The OR Administrator and Director met with the surveyor on 9/5/12 at 10:52 a.m. Both described an exception to the usual facility practice of only having RNs in the PeriOp 101 class. Employee #1 was allowed to start the PeriOp 101 class, though having not taken, nor passed the NCLEX exam. Both acknowledged the employee wore an RN badge, though the employee was not an RN.

Both stated the Human Resource department prepared badges and they were distributed during hospital orientation. The administrator stated, "He (Employee #1) simply didn't think about it", regarding the wearing of a badge for an RN. The nursing educator, administrator, and director all stated Employee #1 did not wear the larger orange badge that included "RN" and was a clear distinction from badges of other employees. The administrator stated she thought the employee wore the new RN badge because his old badge was deactivated and would not allow access to doors/money for the cafeteria, etc.

The surveyor interviewed Employee #1 on 9/5/12 at 11:22 a.m. The employee explained he had completed nursing school in May 2012. To avoid the potential of being out of work between passing the NCLEX and the start of RN orientation in August 2012, an arrangement was made for him to start in the PeriOp 101 classroom training in mid-May; with the understanding he would not do clinical work until passing the NCLEX.

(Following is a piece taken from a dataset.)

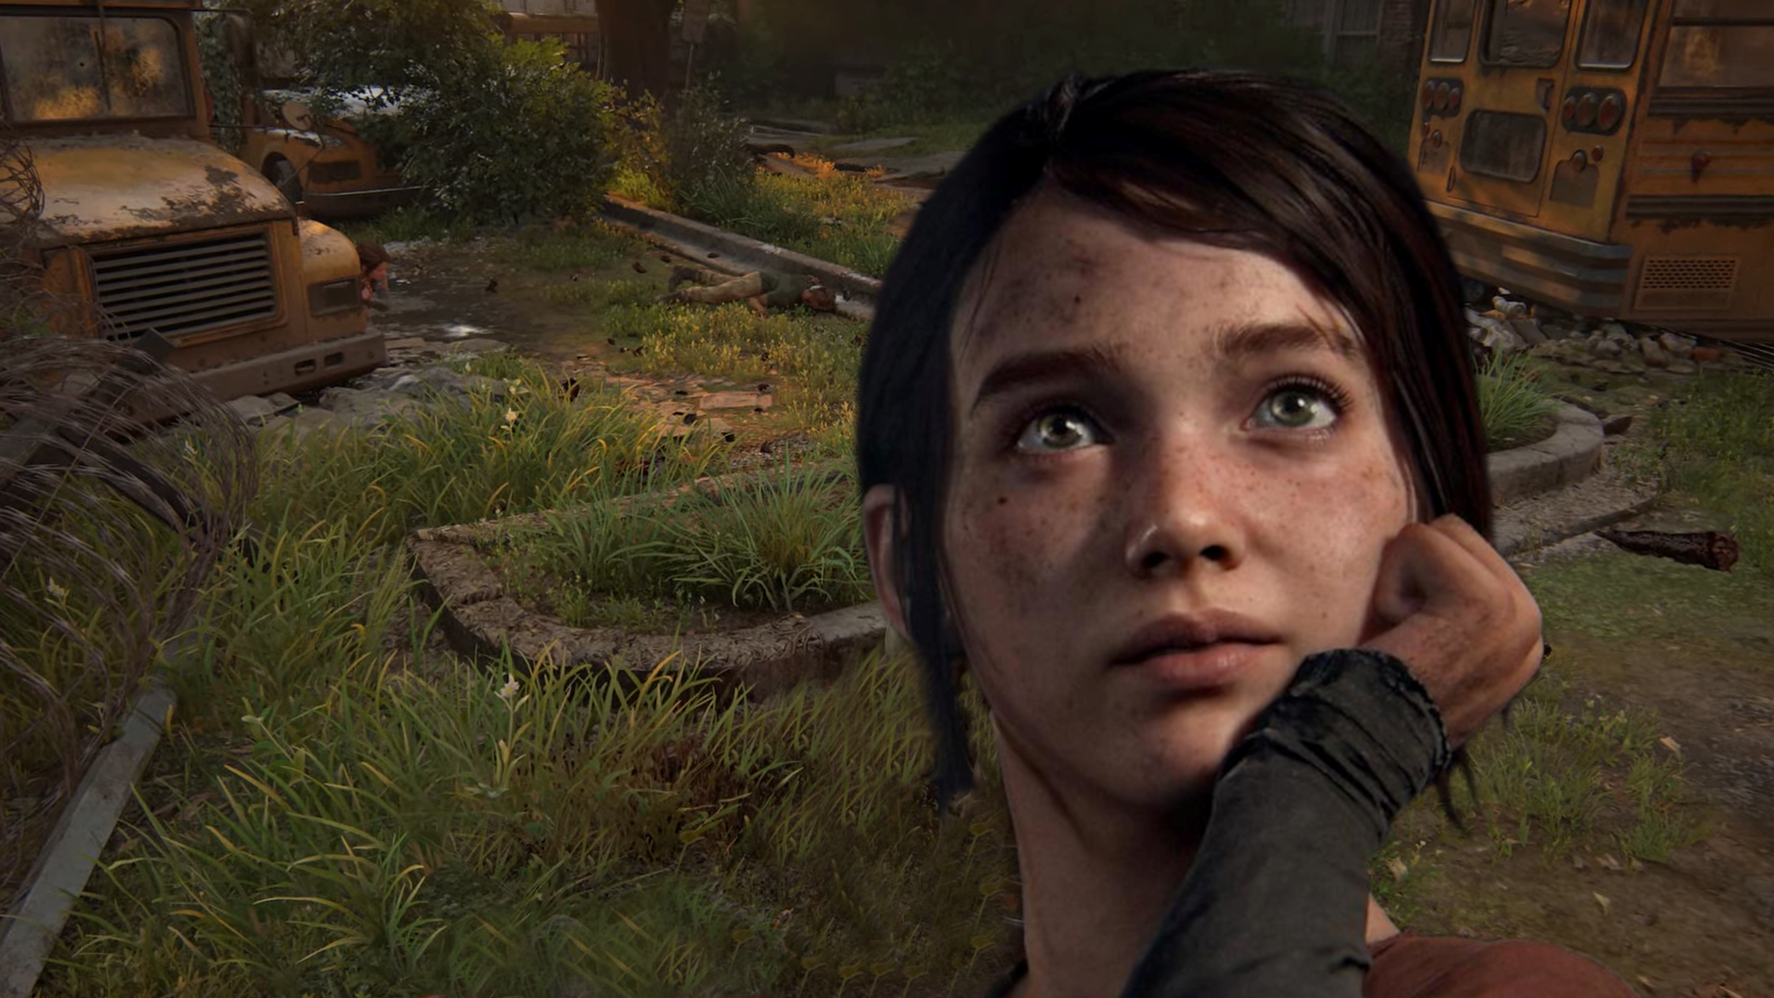 Bilder zu The Last of Us Staffel 2 erscheint frühestens Ende 2024, vermutet Bella Ramsey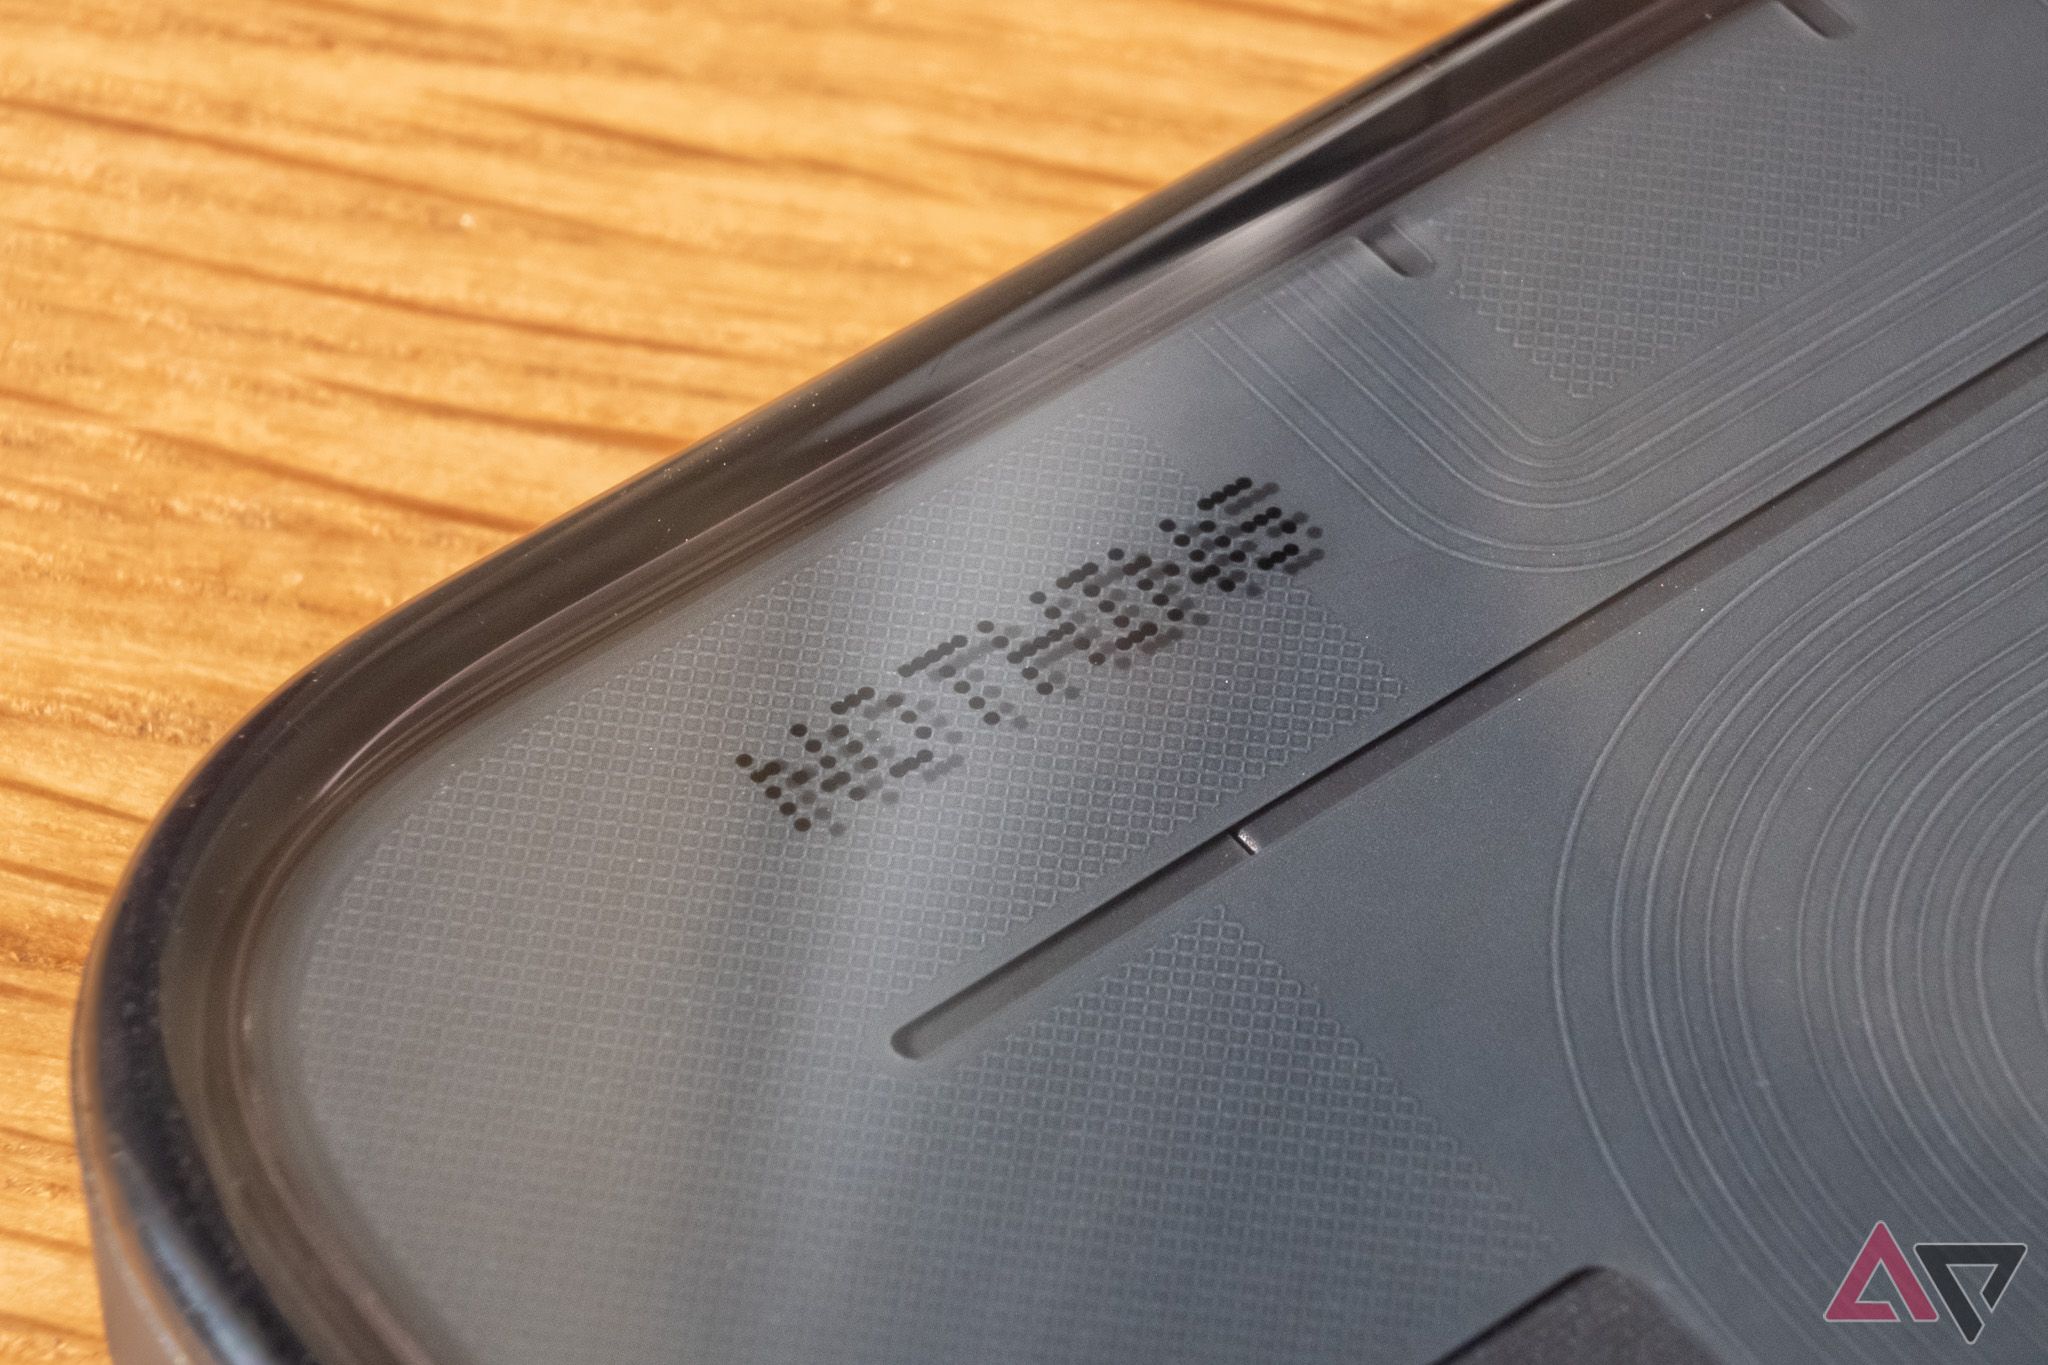 Um close-up da marca Nothing na parte de trás de um telefone

The employee stated he initially went to the hospital orientation as all new RNs would do. At the orientation, he was given a badge which included the title of registered nurse. He informed the surveyor he was also given the larger orange badge which included "RN". The surveyor had observed the orange badges on RN nursing staff throughout the facility. No other disciplines wore the additional badge. The RN on the orange badge could be clearly read from a distance and the orange color helped to identify the RN staff.

The employee acknowledged he wore the RN badge, in part, because his old one was deactivated when he was given the new one. He also stated it was "kind of a grey area" for him to take the PeriOp 101 class without being an RN. He thought that if it had been arranged by managers, then it was okay to wear the RN badge. When the time came for the clinical portion of the PeriOp 101 class and Employee #1 was not yet an RN, he returned to surgical technician status, sometime in July 2012. He stated that he continued to wear the RN badge for approximately a week after returning to ST status because it took some time for his old badge to be re-activated.

The surveyor reviewed the personnel file for Employee #1 on the afternoon of 9/5/12. Other personnel files for RNs included a license verification form from the Department of Health Professions (DHP). Employee #1's file did not include verification with DHP.

Two human resource (HR)/recruitment managers were present during the review of the personnel files. They explained the process for new hires, transfers or employees being promoted. The HR department, manager and employee discussed dates of NCLEX exams, and potential dates for orientation. Part of the process includes RN license verification with DHP. And, a list of nurses was given to the ID office that created the name badges. Current employees may use the same picture for new badges. New employees have pictures taken when paperwork is completed prior to the start of orientation. The badges are then given out the first day of orientation. Both managers confirmed that license verification was not done for Employee #1 and an RN badge was given to the employee, though Employee #1 was not an RN.

Both stated this was a unique situation and did not go through the usual process. The recruitment manager stated the process was being reviewed and changes planned, though the plan had not yet been finalized.

The surveyor reviewed the facility policy and procedure titled, "Health care Provider Licensure and Certification". The effective date of the policy was 7/1/10. "All applicants for positions that require licensure, certification or registration shall provide to Human Resources proof of current licensure, certification or registration, or licensure/certification/registration shall be verified at the source before beginning employment with the Medical Center."